Da água envenenada à fome extrema: que mal fizemos?
Para surpresa de um total de zero pessoas “o país africano mais importante para os EUA” foi olimpicamente coado da tomada de posse do novo inquilino da Casa Branca. Levando em conta que Joe Biden não teria lançado tal pérola baseado numa opinião pessoal, mas porque estrategicamente os ‘yankees’ assim o consideram, terá sido difícil para alguns perceberem o motivo do ‘coamento’. Entretanto, terá igualmente servido de consolo o facto de nenhum outro país africano, importante ou não, ter sido convidado. Tal como já se perspectivava isso é apenas uma pitada de como deverão ser as relações entre as terras do tio Sam e os países africanos. Mas o que de facto deve ter causado alguma urticária foi o facto de Donald Trump ter ameaçado - e efectivado logo de seguida - a revogação de dezenas decretos assinados pelo seu antecessor.
Sobre o corredor do Lobito, felizmente, ainda não se ouviu um ‘ui’. Esperemos que assim continue e que os investimentos na nossa menina dos olhos não sejam mais uma vítima dos humores do magnata. Mas esperemos para ver… E, se em Portugal existe o deputado que supostamente tem como hobby o furto de malas em aeroportos, por cá temos o deputado ‘mixeiro’. Na verdade, são bué, mas este teve o azar de ter sido apanhado. O deputado da Unita decidiu mixar com o carro protocolar, colocou-o ao serviço de rent-a-car, o carro sumiu e as consequências chegaram. Perdeu definitivamente o mandato sob a acusação de conduta indecorosa lesiva dos deveres e da dignidade da função parlamentar. Se espremerem bem essa tal “conduta indecorosa” com certeza não há de sobrar muita gente na casa das leis. Ainda na Assembleia a proposta que regula a disponibilização e consumo de bebidas alcoólicas foi aprovada com todos os sóbrios deputados a levantarem a mão. Portanto, a partir daqui escolas e bares, hospitais e restaurantes, roulottes e unidades policias ou militares que ocupam o mesmo espaço terão de tirar na sorte quem fica e quem sai. Enquanto isso, problemas mais sérios continuam a dar-nos dor de cabeça… Se tem algo que poderia fazer uma população diante de um surto de cólera rir — se não fosse trágico — é a solução brilhante que o Governo encontrou para enfrentar a epidemia: distribuir água! Mas, como toda boa piada vem com um ‘plot twist’, a água distribuída pelo Governo também não tem condições. Afinal, quando a qualidade da água que deveria curar mais parece um novo tempero para a enfermidade, não há como não se perguntar: quem foi o génio que teve a brilhante ideia? Não que alguma vez se tenha distribuído água propriamente pura, mas desta vez conseguiram chegar ao cúmulo. Os números continuam a somar, já contamos com 783 casos e 35 óbitos e cinco províncias já foram fustigadas pela vergonhosa doença.
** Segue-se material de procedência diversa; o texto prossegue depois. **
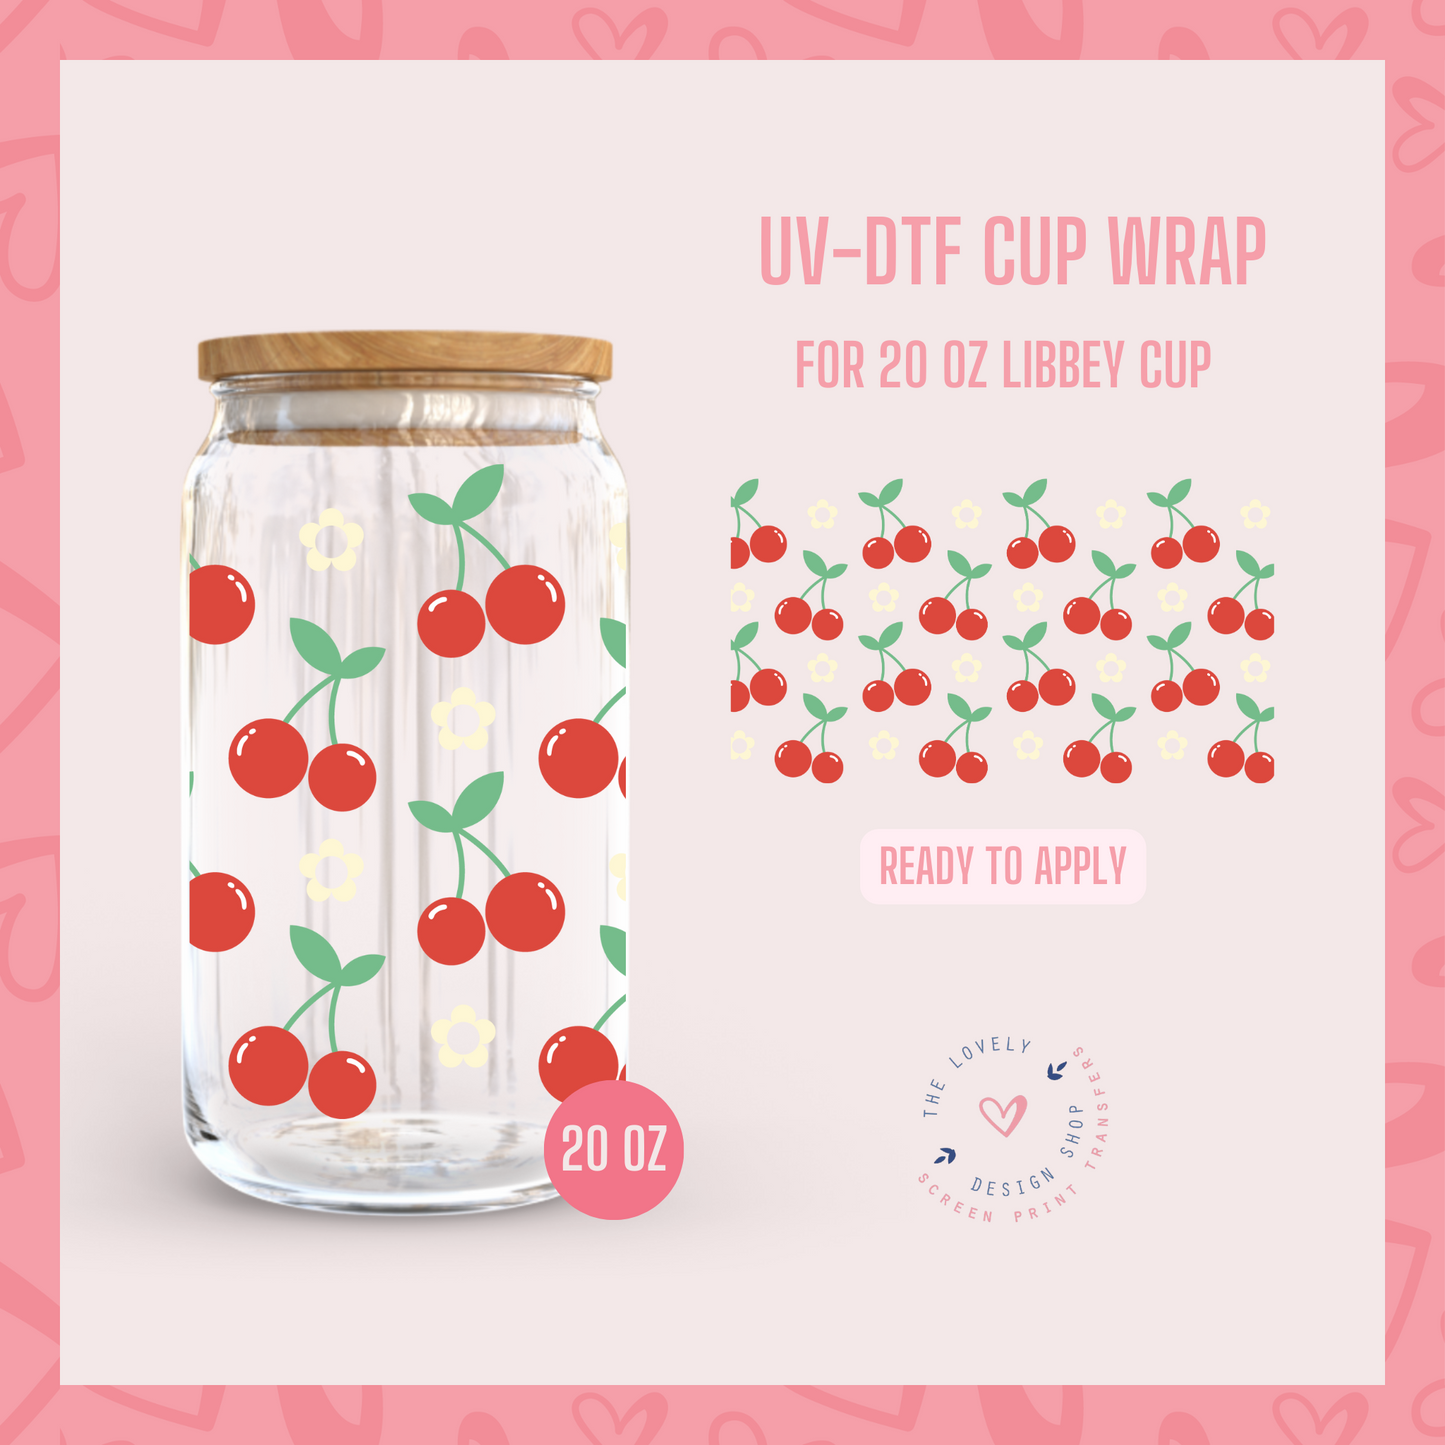 Cherries - UV DTF 20 oz Libbey Cup Wrap (Ready to Ship) Mar 4
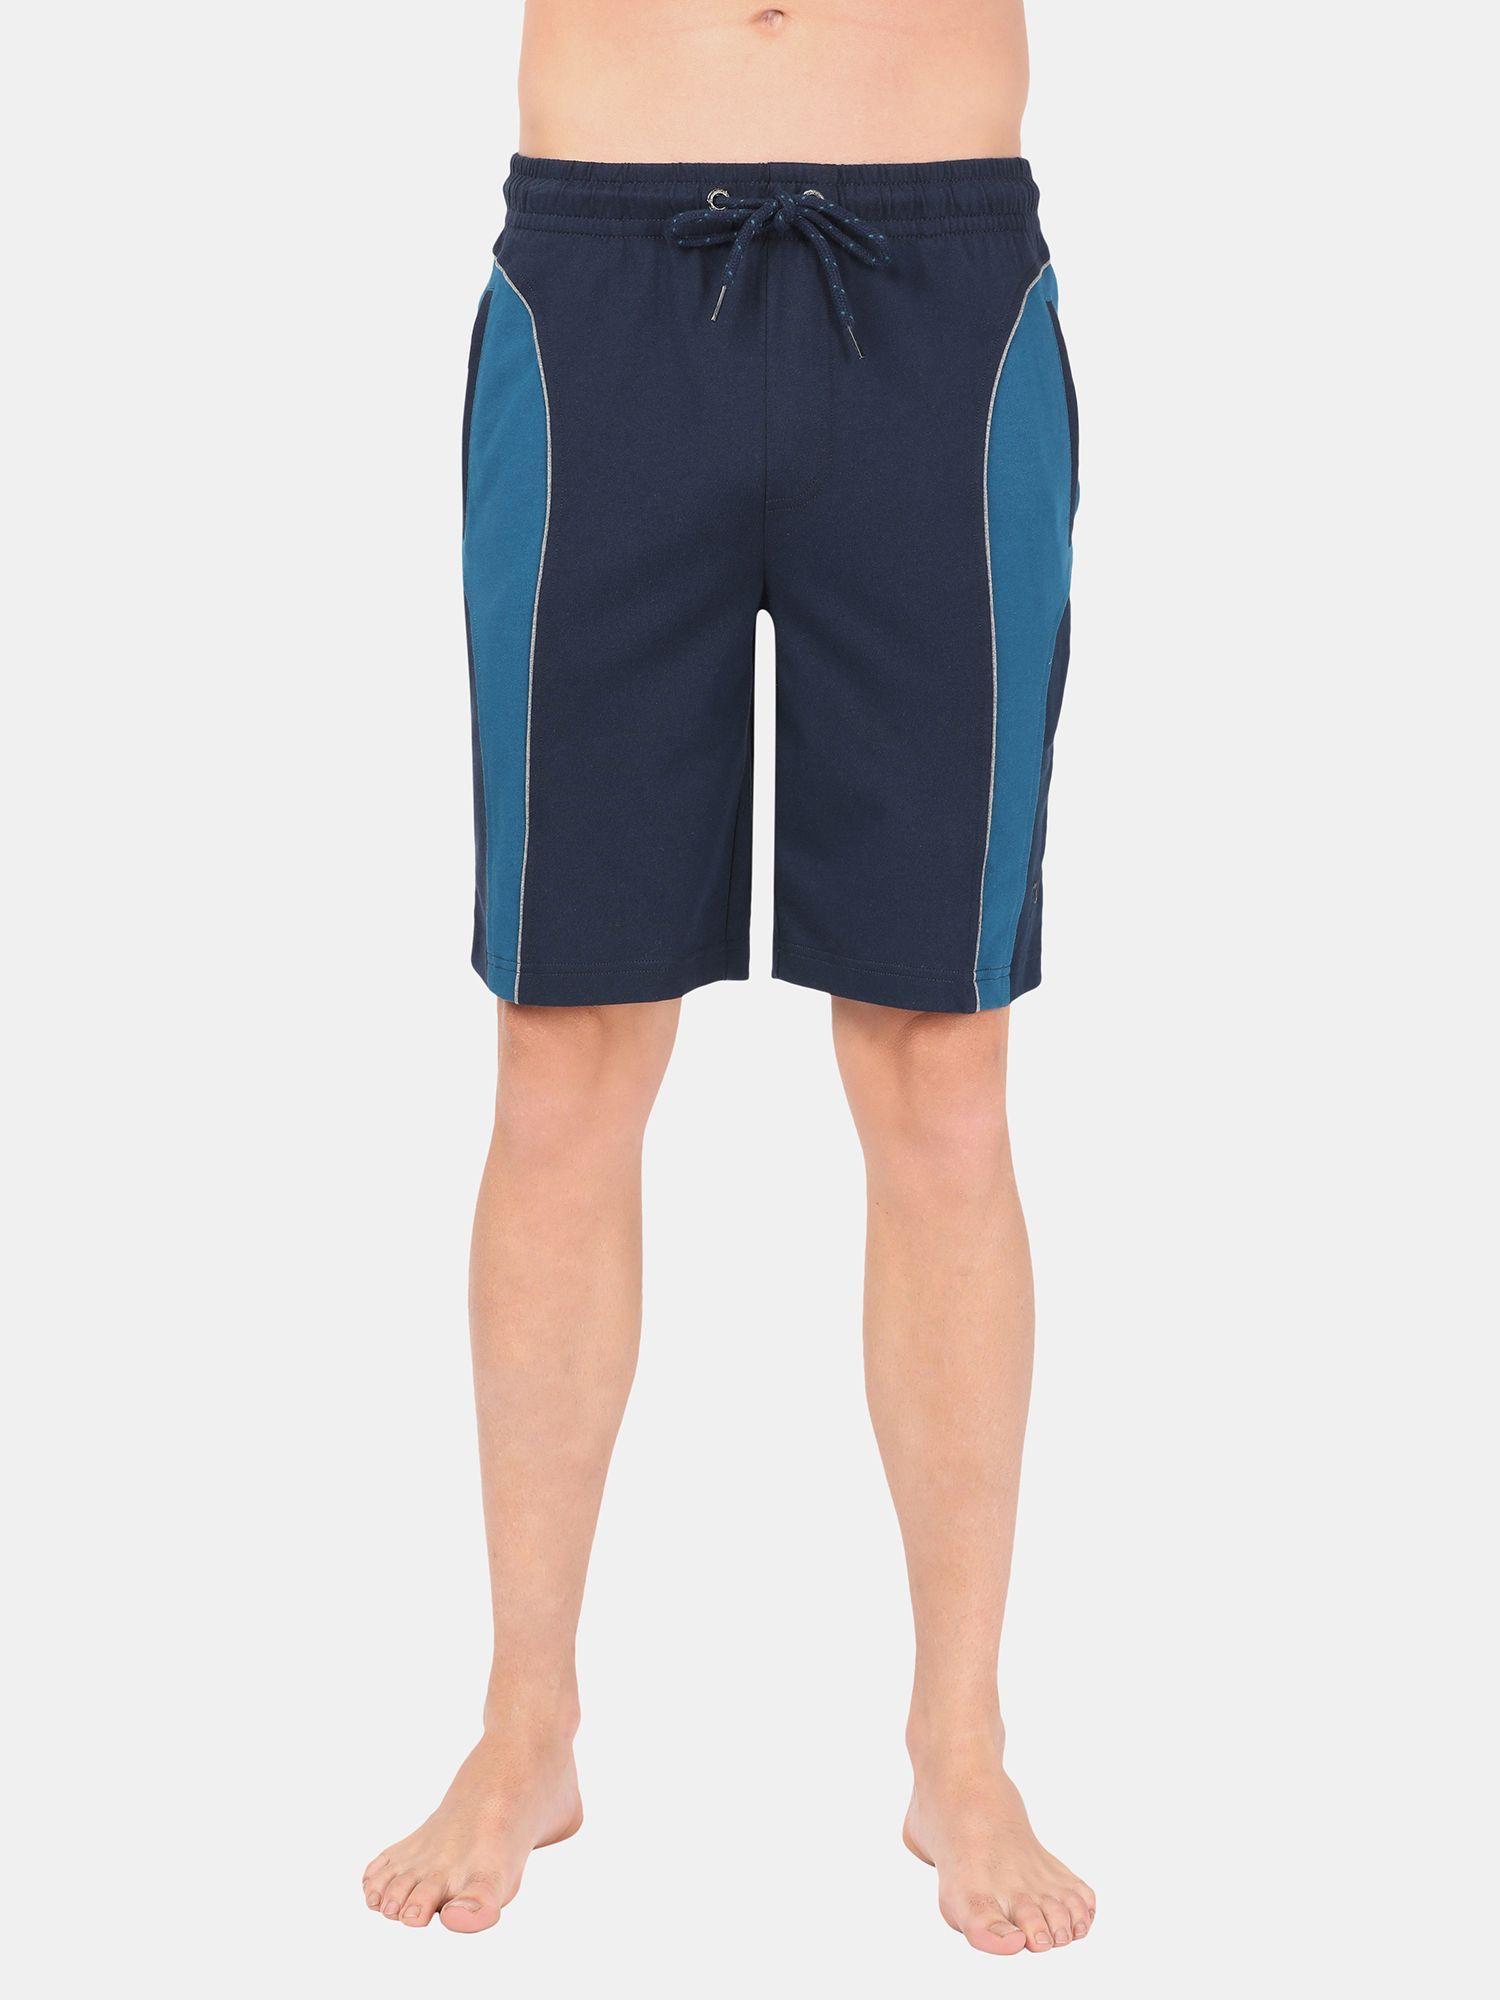 9411 mens super combed cotton rich straight fit solid shorts-navy & steller blue

Vergonhosos igualmente são os números relativos à pobreza. Se a cólera em conjunto com a distribuição de água suspeita não dizimarem os angolanos, a forma como somos (des)governados certamente o vai. Coincidentemente ou não, os últimos oito anos têm sido catastróficos para os angolanos. De acordo com dados do World Poverty Clock mais de 11 milhões de ‘mwangolés’ vivem em extrema pobreza, mais de cinco milhões dos quais entraram para este grupo durante o consulado de João Lourenço. De acordo com a plataforma, Angola figura entre os 12 países no mundo onde o ritmo de criação de pobres é maior do que o número de saída dessa condição. Estes dados não devem surpreender muita gente. As ruas estão repletas de testemunhos dessa crise. Mas, para mal dos nossos pecados, mais do que despreocupado, quem nos governa parece insensível a esta realidade. Afinal é ou não possível dar uma reviravolta a esta situação tão crítica? Qual é a solução para tirar os angolanos deste martírio?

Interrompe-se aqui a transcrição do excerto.